VATICAN CITY — Cardinal Robert Sarah has made a further impassioned plea not to weaken the mandatory celibacy rule for priests, saying it would be a catastrophe that would amount to an “attack on the Church and her mystery.”
In an exclusive Feb. 7 interview with the Register in advance of the publication later this month of the English edition of From the Depths of Our Hearts: Priesthood, Celibacy and the Crisis of the Catholic Church, his new book on the priesthood with Pope Emeritus Benedict XVI, the Guinean cardinal explains why he and Benedict wrote the book — namely to warn that separating celibacy from the priesthood, even just as an exception, would remove the priest’s imitation of Christ as spouse of the Church and turn her into a “mere human institution.”
And, in advance of next Wednesday’s release of Pope Francis’ post-apostolic exhortation on the Pan-Amazon synod, Cardinal Sarah, the prefect of the Congregation for Divine Worship and the Discipline of the Sacraments, also explains how the exception proposed at the synod is different to previous exceptions and the situation with the Eastern Churches, and he notes that even when there were married priests in the early Church, they lived chaste lives.
He also discusses what he sees as one of the most serious problems facing the priesthood today: lack of apostolic fervor in the Church and lukewarmness. He urges radical discipleship and priests who are “radically saints.”

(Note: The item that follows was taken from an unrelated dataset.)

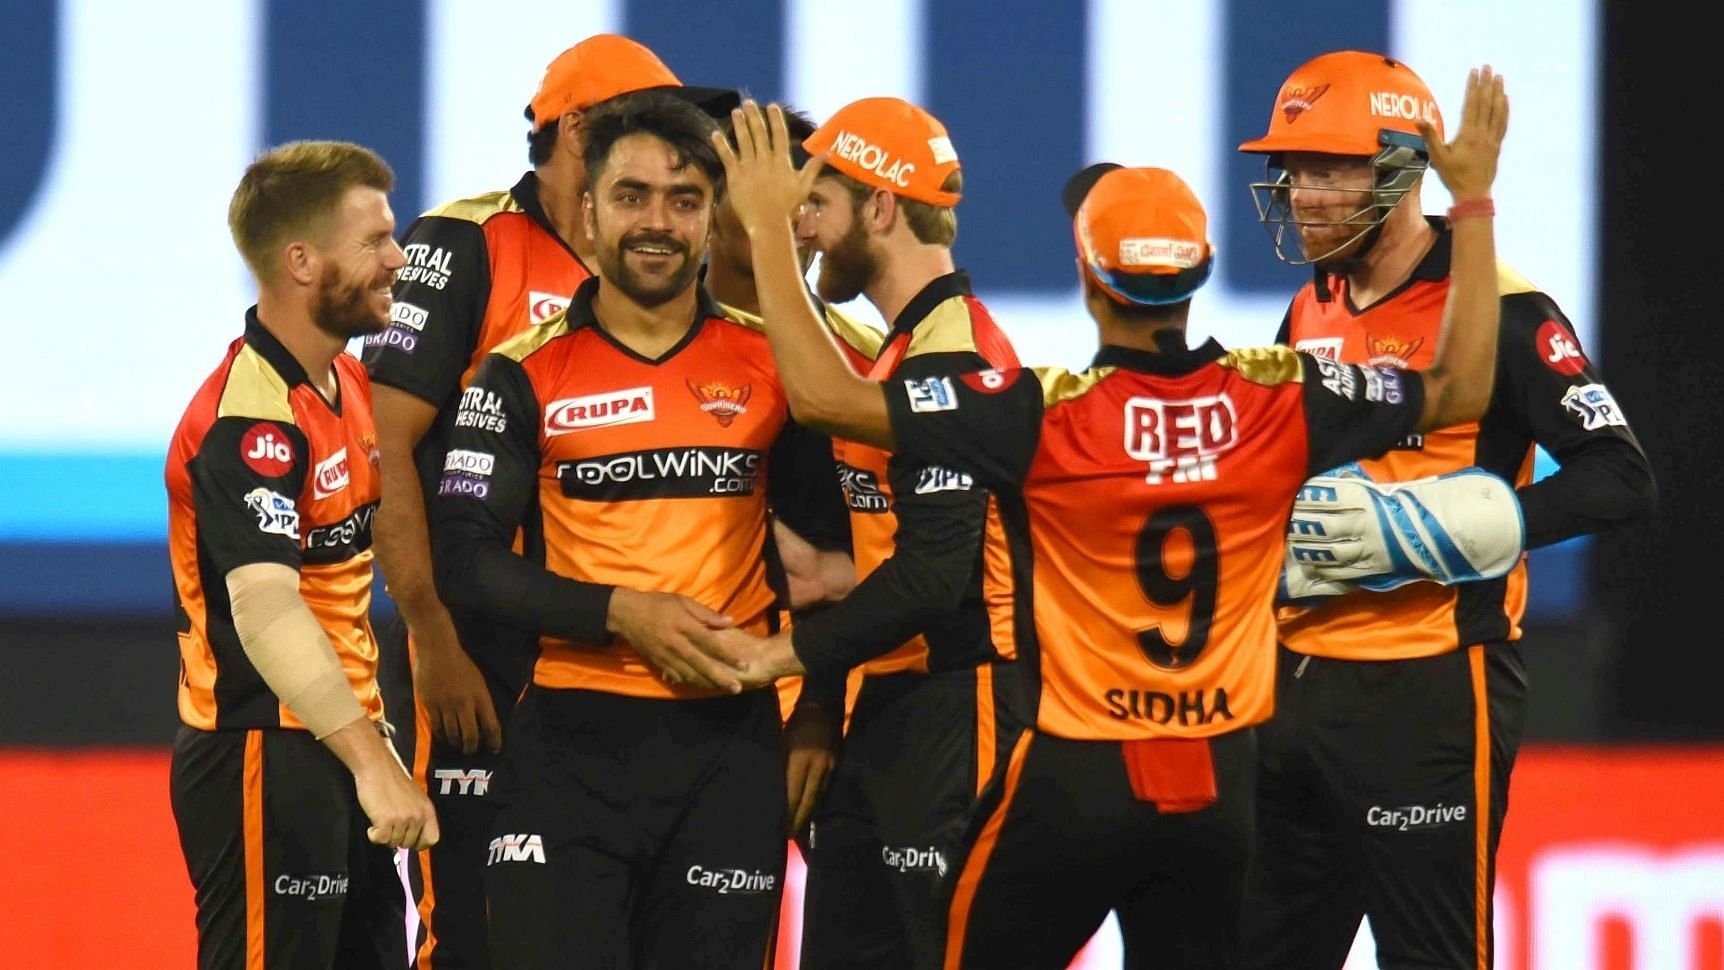 Sunrisers Hyderabad (SRH) beat Rajasthan Royals (RR) by 5 wickets in a thrilling Indian Premier League (IPL) contest.

Cardinal Sarah also touches on the fracas over the book’s launch in French, stressing there was no misunderstanding but rather “sordid machinations” enacted by “opponents of the priesthood,” intent on diverting attention from the “content of the book.”
“They know their arguments are based on historical errors, on theological misunderstandings,” he says. “They know that celibacy is necessary for evangelization in mission countries. So they try to delegitimize the book itself.”

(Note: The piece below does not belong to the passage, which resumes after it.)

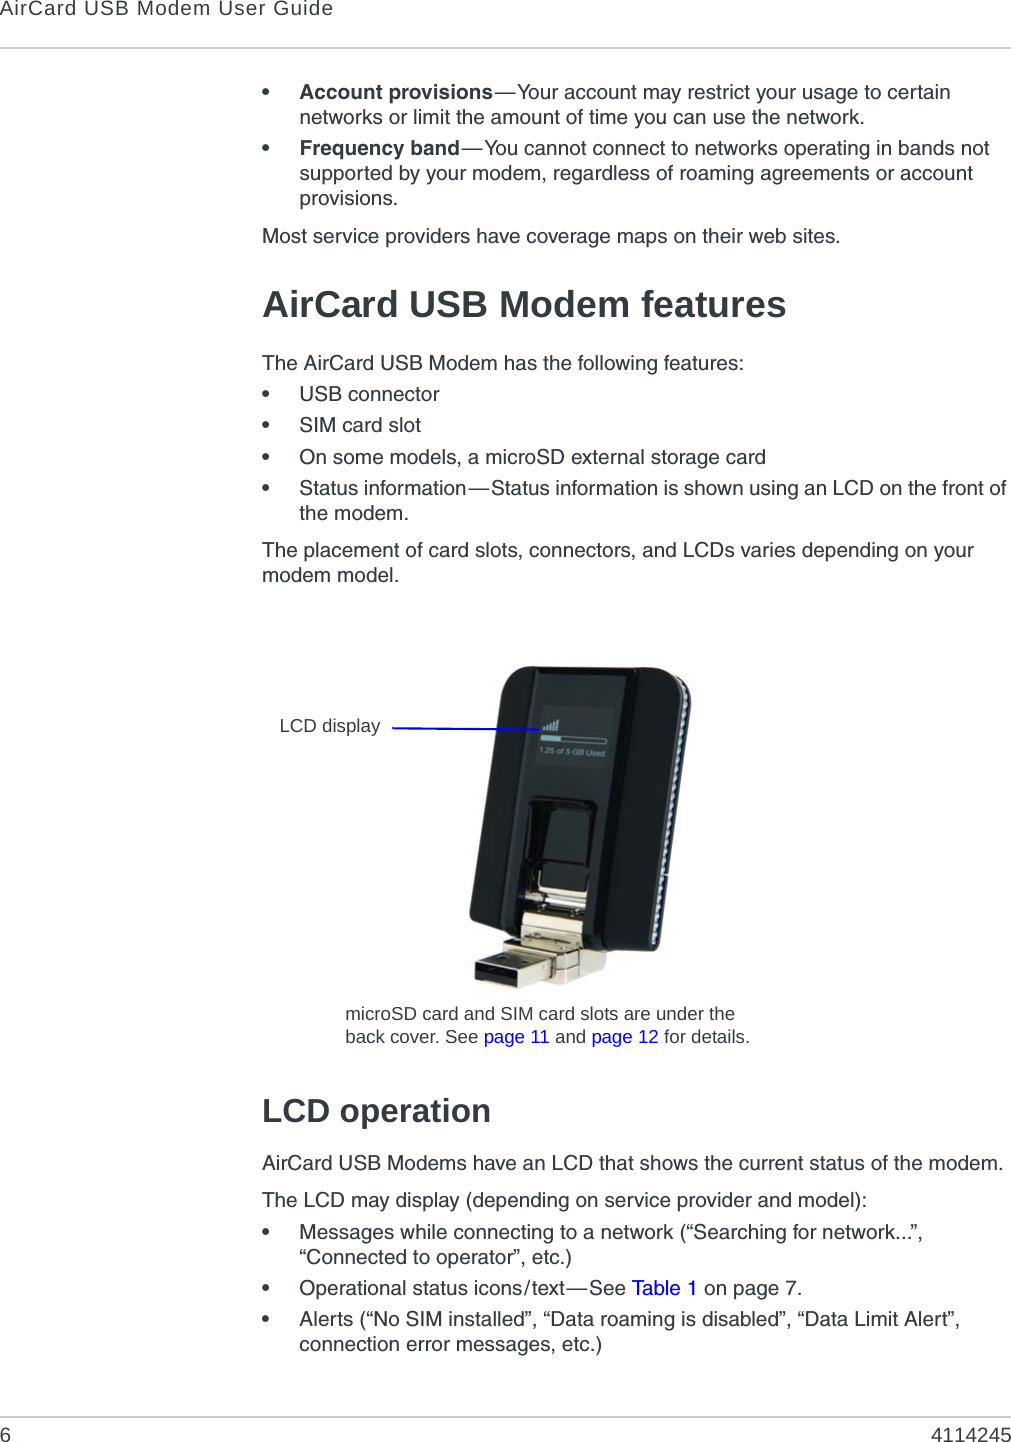 AirCard USB Modem User Guide64114245• Account provisions—Your account may restrict your usage to certain networks or limit the amount of time you can use the network.• Frequency band—You cannot connect to networks operating in bands not supported by your modem, regardless of roaming agreements or account provisions.Most service providers have coverage maps on their web sites.AirCard USB Modem featuresThe AirCard USB Modem has the following features:•USB connector•SIM card slot•On some models, a microSD external storage card•Status information—Status information is shown using an LCD on the front of the modem.The placement of card slots, connectors, and LCDs varies depending on your modem model.LCD operationAirCard USB Modems have an LCD that shows the current status of the modem.The LCD may display (depending on service provider and model):•Messages while connecting to a network (“Searching for network...”, “Connected to operator”, etc.)•Operational status icons/text—See Ta b l e 1  on page 7.•Alerts (“No SIM installed”, “Data roaming is disabled”, “Data Limit Alert”, connection error messages, etc.)LCD displaymicroSD card and SIM card slots are under the back cover. See page 11 and page 12 for details.

Your Eminence, why did you want to write this book?
Because the Christian priesthood is in mortal danger! It’s going through a major crisis.
The discovery of the great number of sexual abuses committed by priests, and even bishops, is an indisputable symptom of this. Pope Emeritus Benedict XVI had already spoken out strongly on this subject. But then his thinking was distorted and ignored. Just like today, attempts have been made to silence him. And like today, diversionary maneuvers were mounted to divert attention from his prophetic message. Yet I am convinced that he has told us the essential — what no one wants to hear. He has shown that at the root of the abuses committed by clerics, there is a deep flaw in their formation. The priest is a man set apart for the service of God and the Church. He is a consecrated person. His whole life is set apart for God. And yet they wanted to desacralize priestly life. They wanted to trivialize it, to render it profane, to secularize it. They wanted to make the priest a man like any other. Some priests were formed without putting God, prayer, the celebration of Mass, the ardent search for holiness at the center of their lives.
As Benedict XVI said, “Why has pedophilia reached such proportions? In the final analysis, the reason is the absence of God. It is only where Faith no longer determines man’s actions that such crimes are possible.”